The truth is that cultivating a career in the music industry is a marathon, not a sprint. It will likely take several years working on music or music industry-related tasks in the background before you're ready to make the jump to full-time. If you can, try not to rush this transition: many musicians burn themselves out unintentionally by making the jump too early: trust the process and follow your heart, but remember that even the best and brightest have to compromise at some point to pay rent.

How to Start a Music Career in 2024 FAQs

Do you still find yourself lost while trying to pursue a career in music? Consider these commonly asked questions and answers:

How do I start a career in the music industry?

How you start your career in music will vary heavily based on your individual goals within the industry. Use this guide to help define your unique version of "success" in music, which will act as a blueprint for your journey.

How can I work in music with no experience?

You can work in music with no experience by seeking out a mentor who might be willing to take you under their wing. Alternatively, you can start posting music online to craft a community and potentially leverage it on your own terms.

How do I get started in music career?

You can get started in music by making music yourself, working with the most aspiring musicians around you, and following the other strategies outlined in this guide. Remember that there are plenty of ways to work in the music industry outside of limiting yourself to being strictly a performing artist.

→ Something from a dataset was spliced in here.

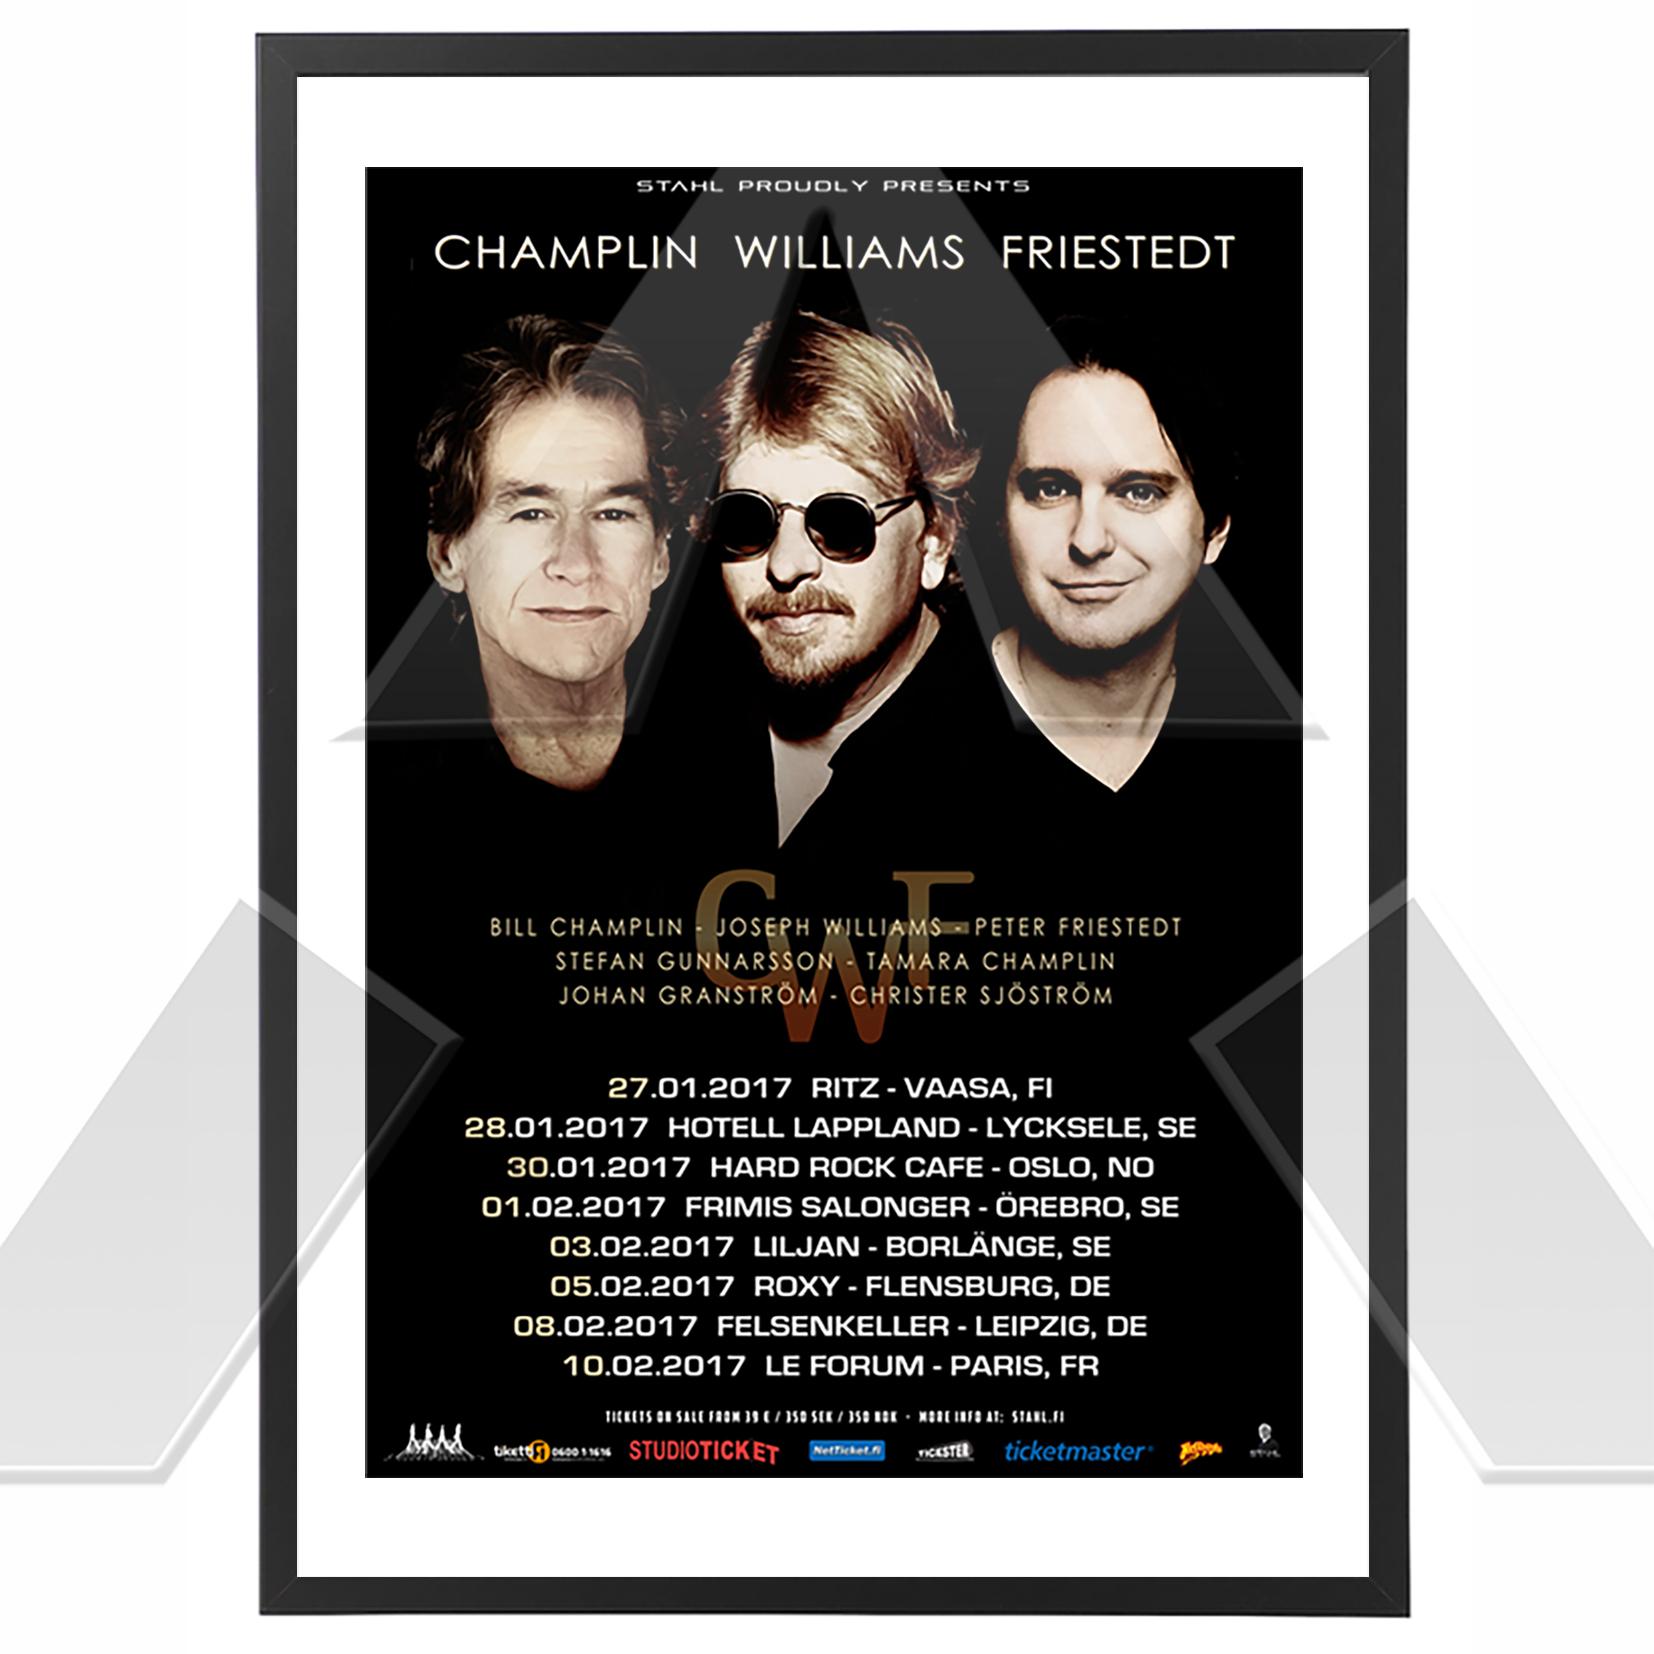 Champlin Williams Friestedt ★ European Tour 2017 (tour poster)

Is 25 too late to start a music career?

It is never too late to start pursuing what you love. There are numerous examples of artists who have broke through in the music industry well past their 30s and even 50s. If you love music, you should certainly make it, regardless of age.

How hard is it to get into a music career?

We don't want to sugarcoat the truth - it is considerably difficult to get a career in music. However, it becomes easier when you broaden your scope of what that looks like and take the strategies outlined above to heart.

Building a successful music career was never easy, but today's complex landscape comes with some unique hurdles. Hopefully, this guide provides you with plenty of insight into what you can expect while finding your place within music. Enjoy your journey on route to a successful career in the arts!